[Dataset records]
|---|

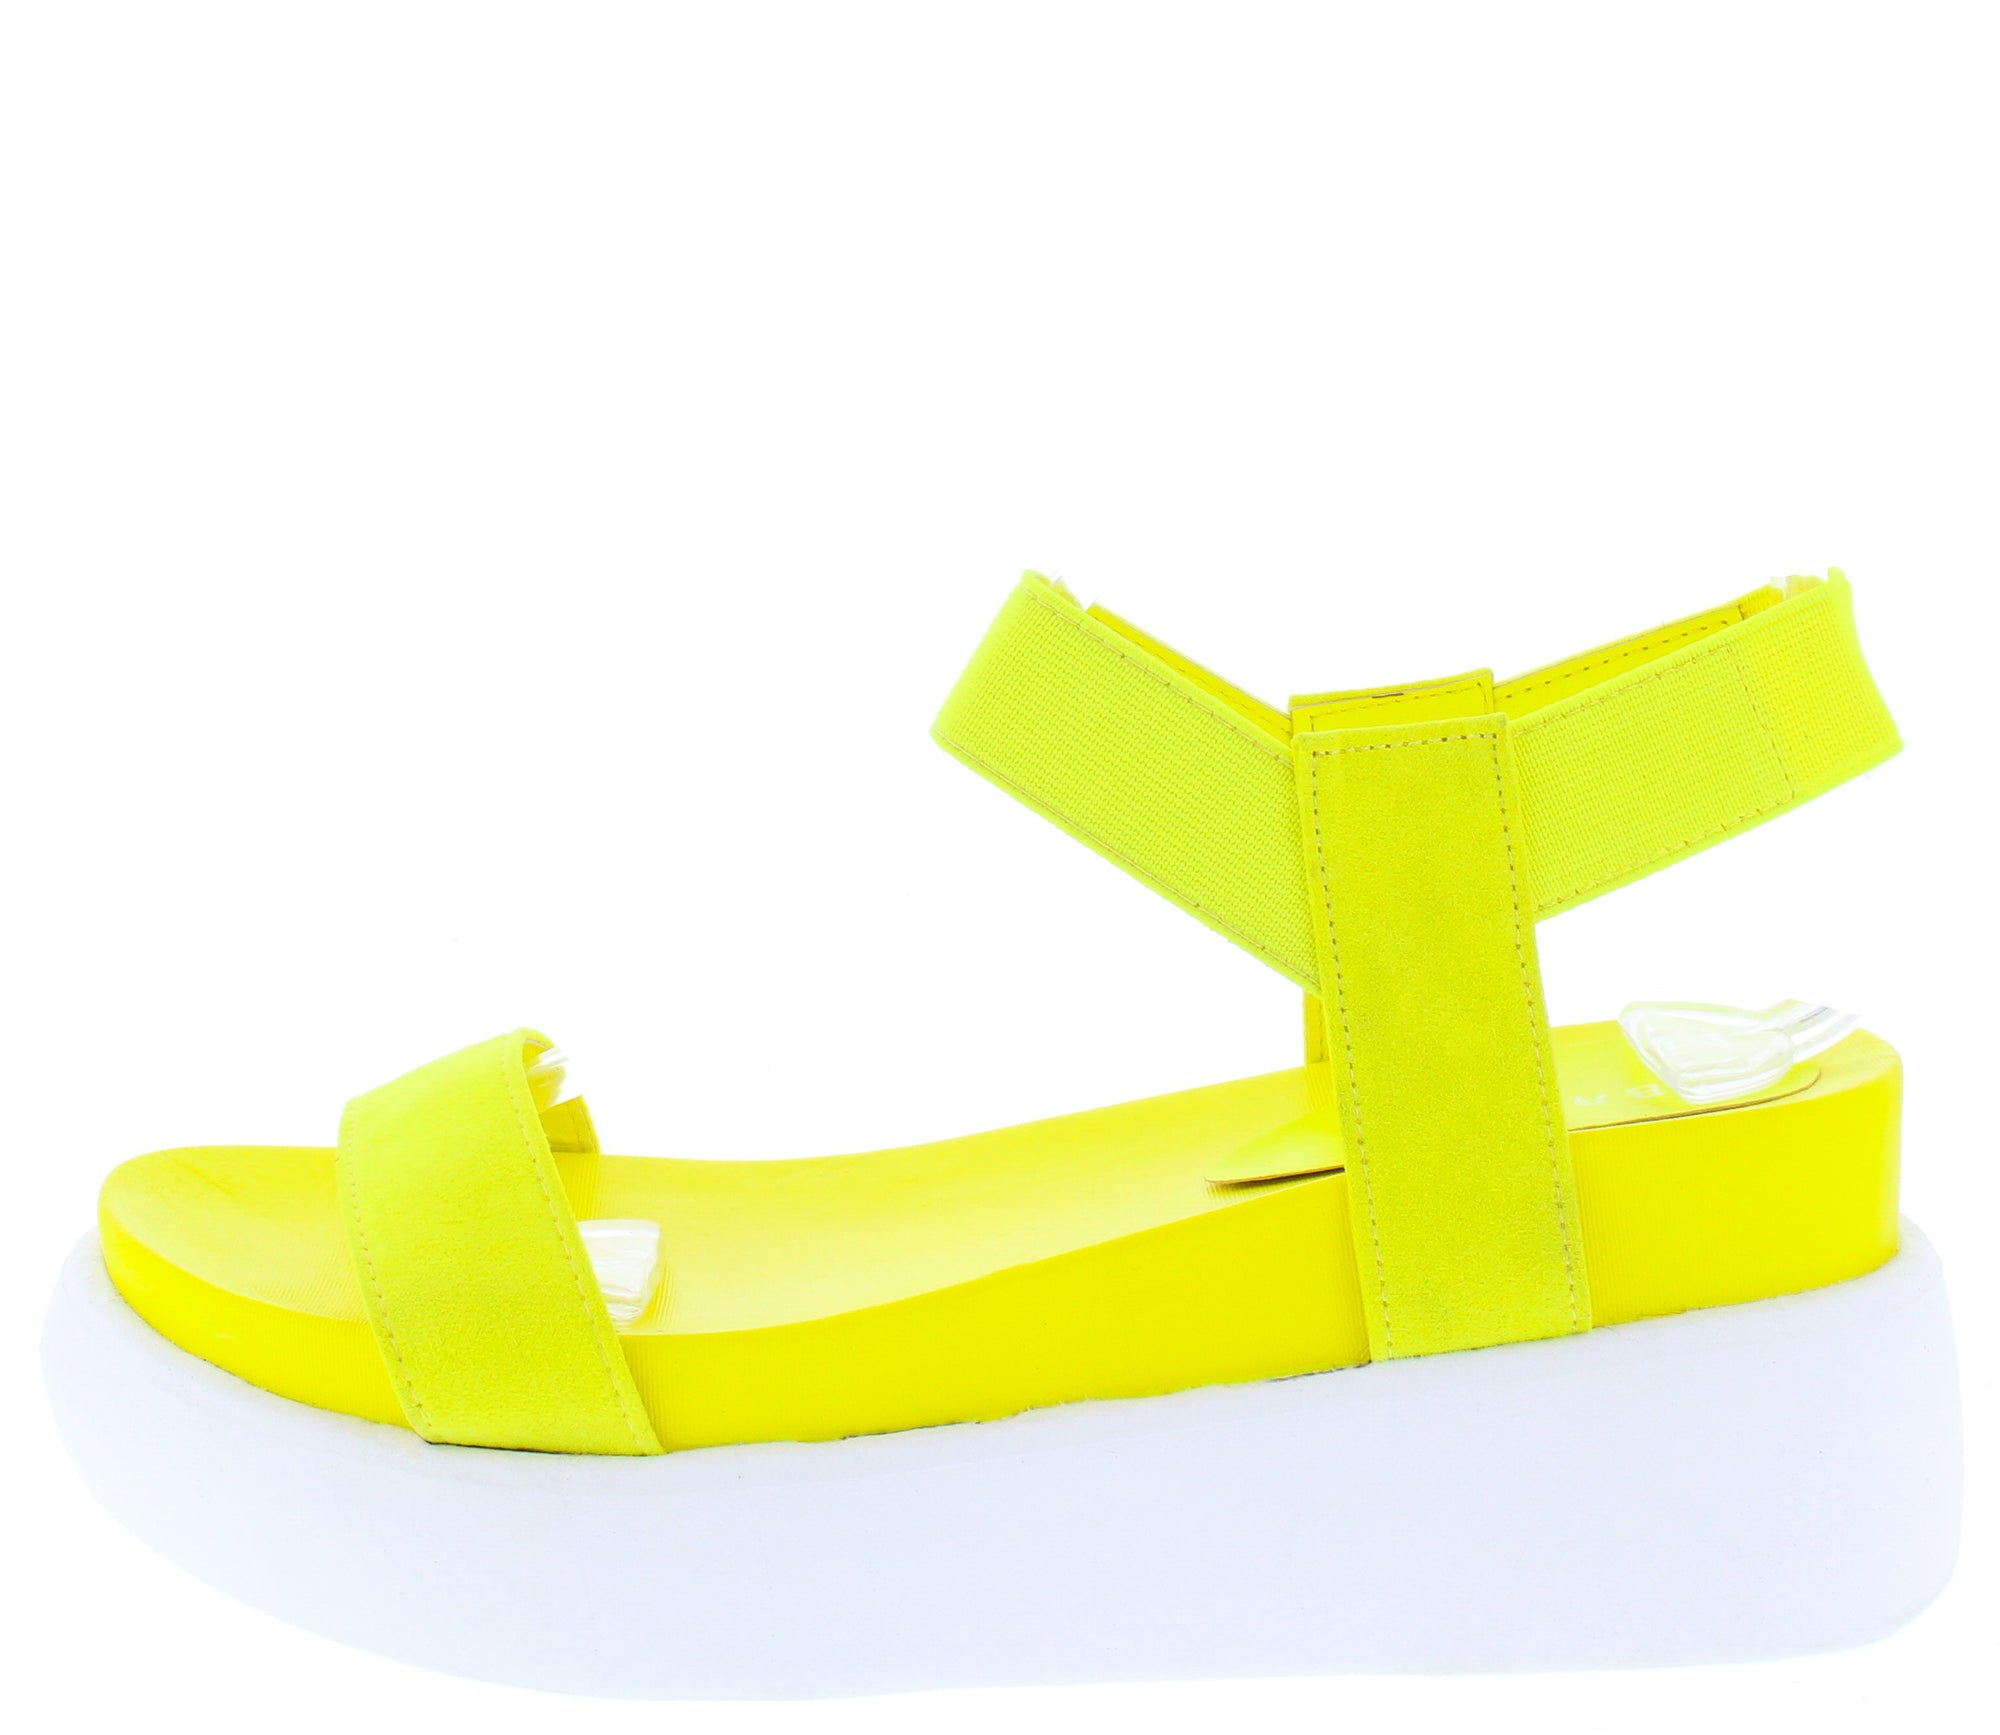 neon sandals wholesale
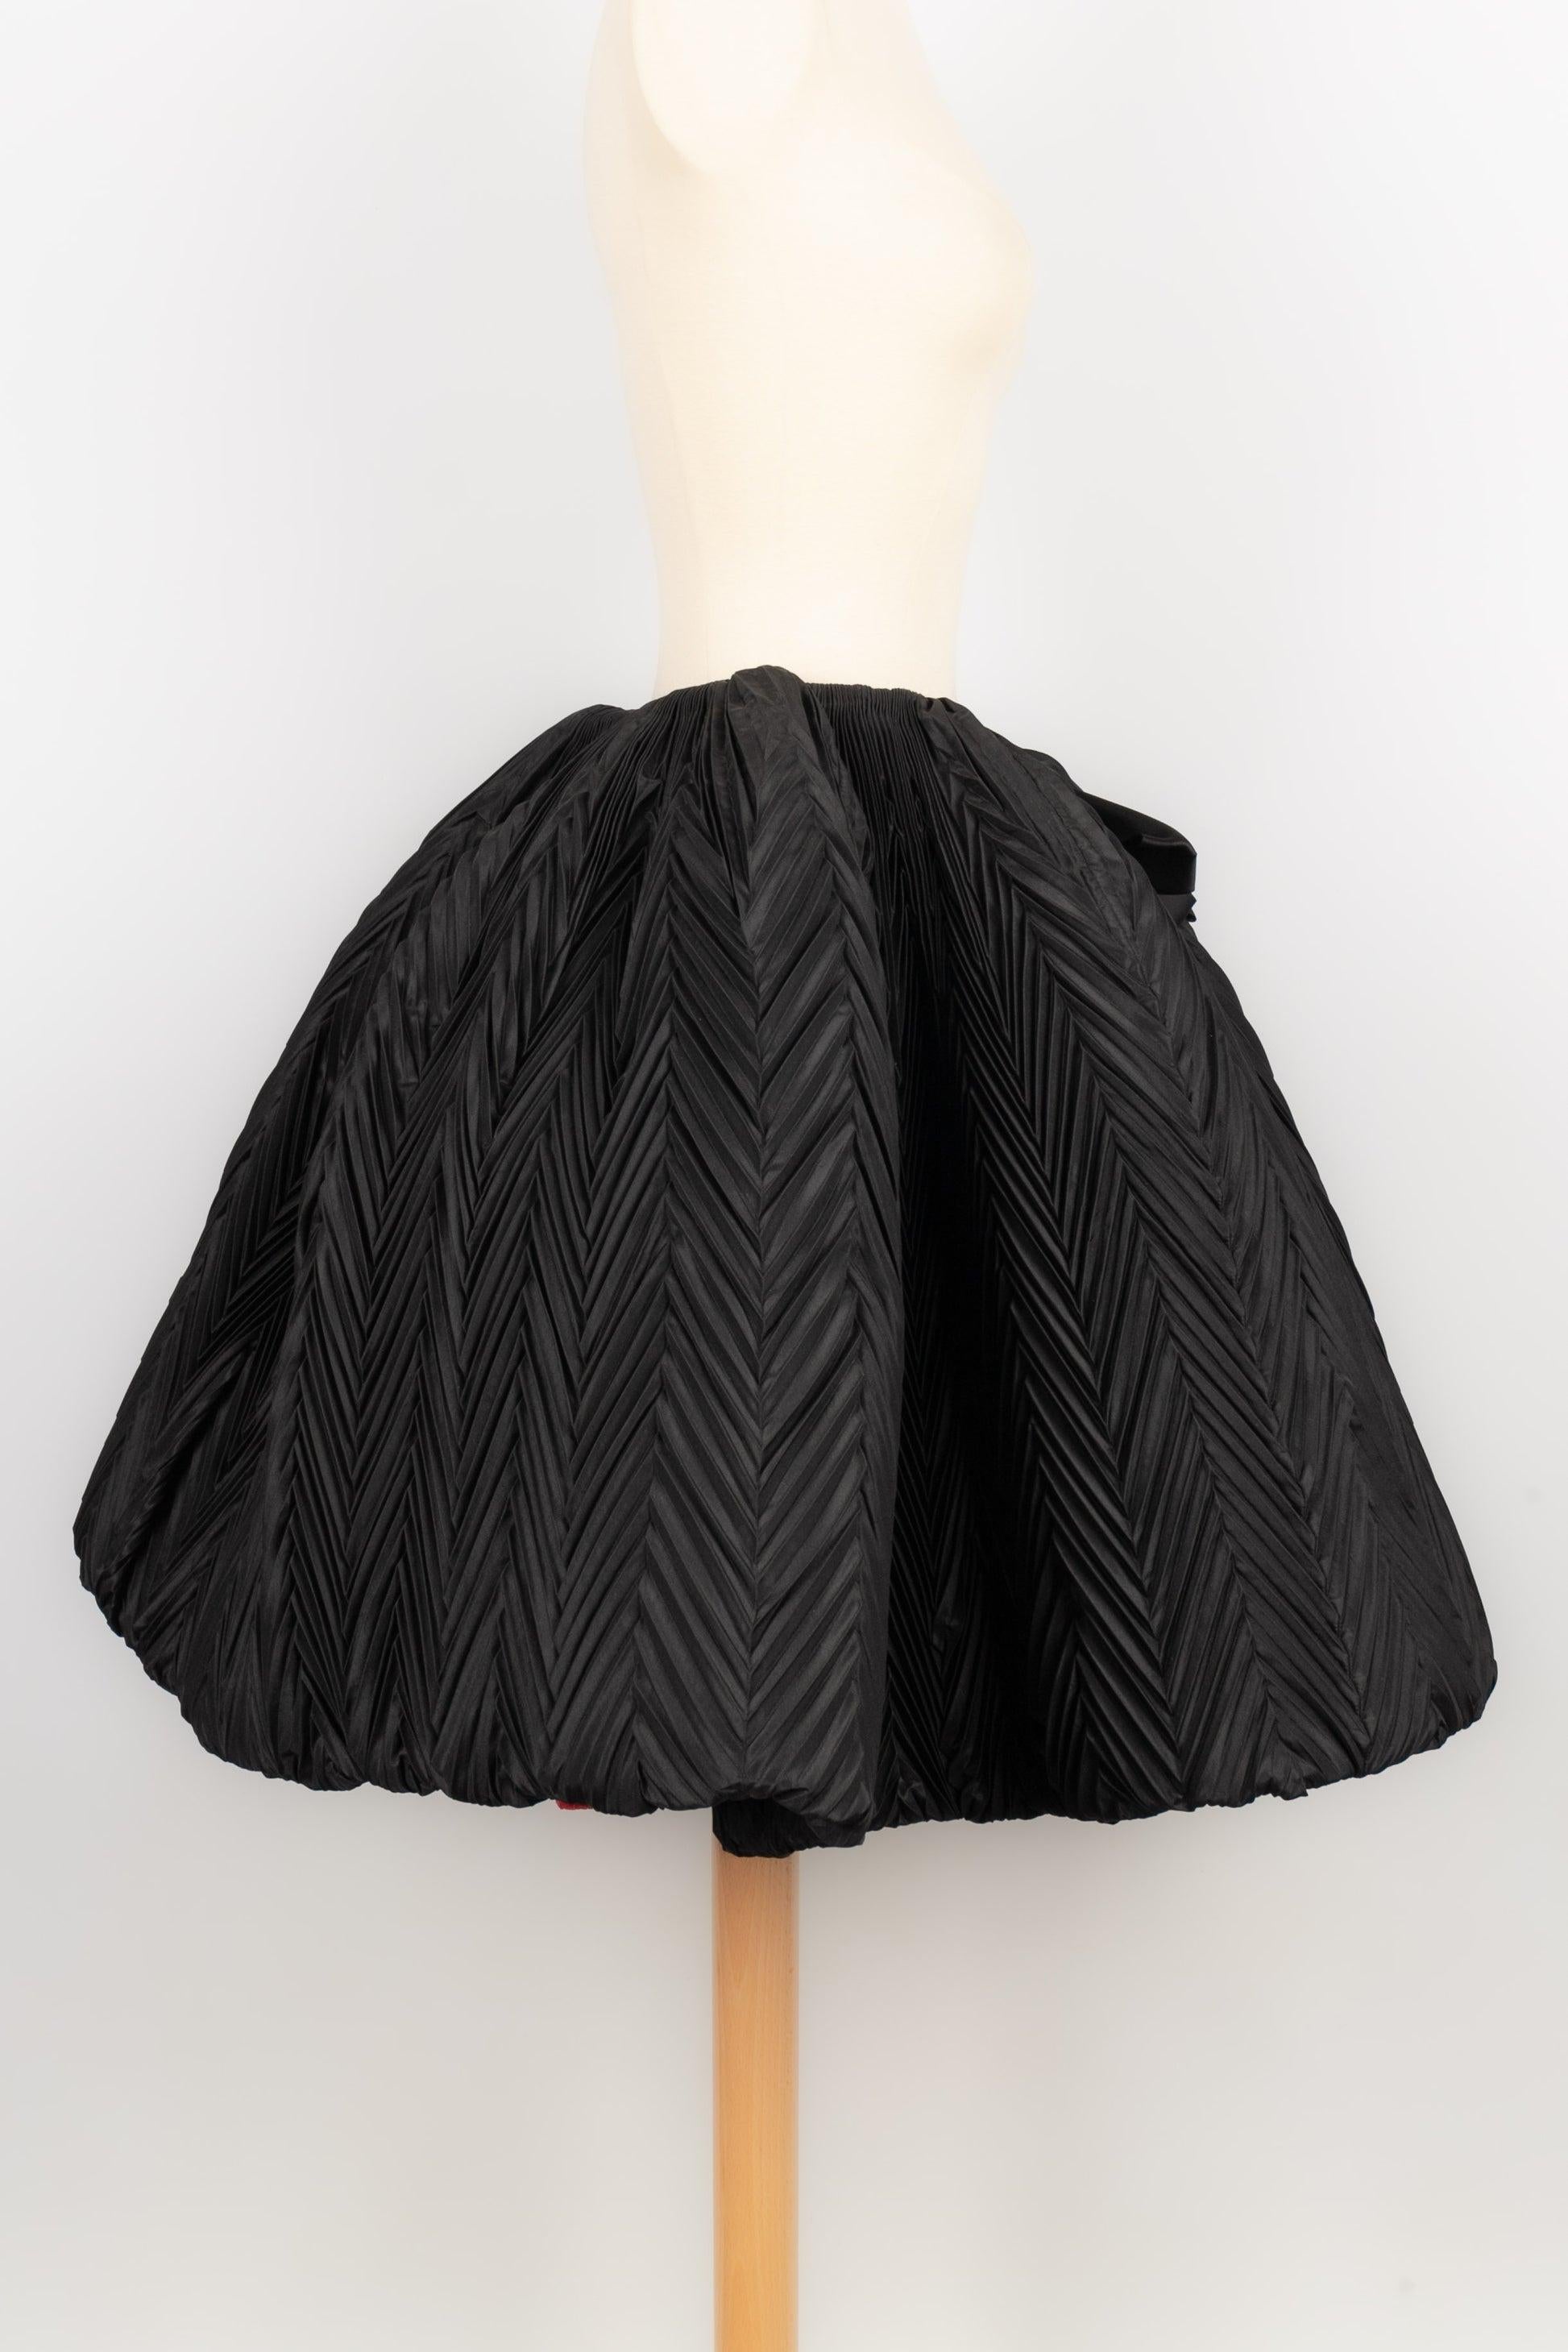 Nina Ricci -Haute Couture jupe circulaire recouverte de taffetas noir avec plis géométriques et impressionnant nœud central. Aucune taille n'est indiquée, il convient à un 36FR.

Informations complémentaires :
Condit : Très bon état.
Dimensions :
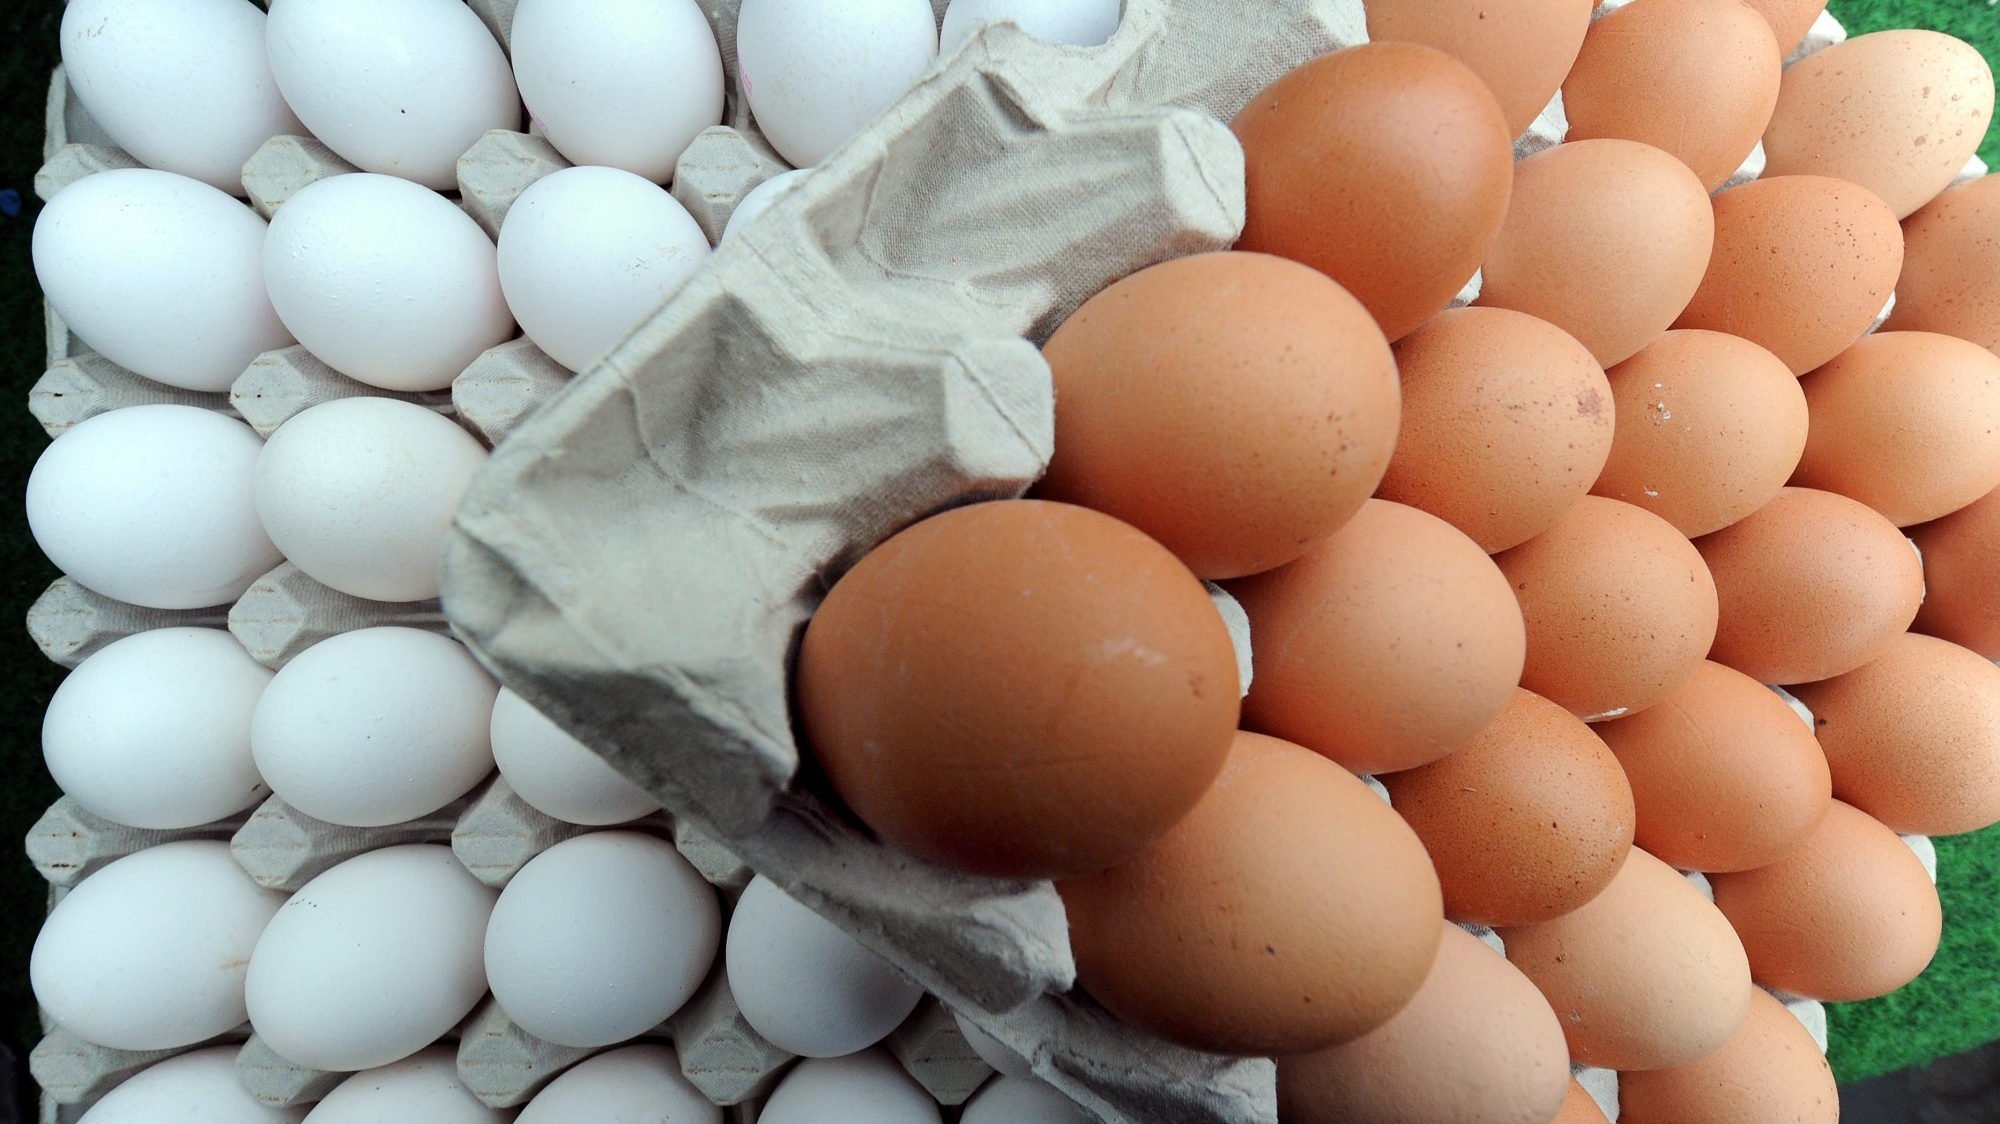 A inspeção da ASAE detetou 240 ovos com validade expirada e 40 kg de alimentos suspeitos de não estarem bons para consumo

|---|

With the pictures left out, copy exactly the lines from the one containing "Nina Ricci -Haute" through the final line of the records above, both included.

 Nina Ricci -Haute Couture jupe circulaire recouverte de taffetas noir avec plis géométriques et impressionnant nœud central. Aucune taille n'est indiquée, il convient à un 36FR.

Informations complémentaires :
Condit : Très bon état.
Dimensions :
 A inspeção da ASAE detetou 240 ovos com validade expirada e 40 kg de alimentos suspeitos de não estarem bons para consumo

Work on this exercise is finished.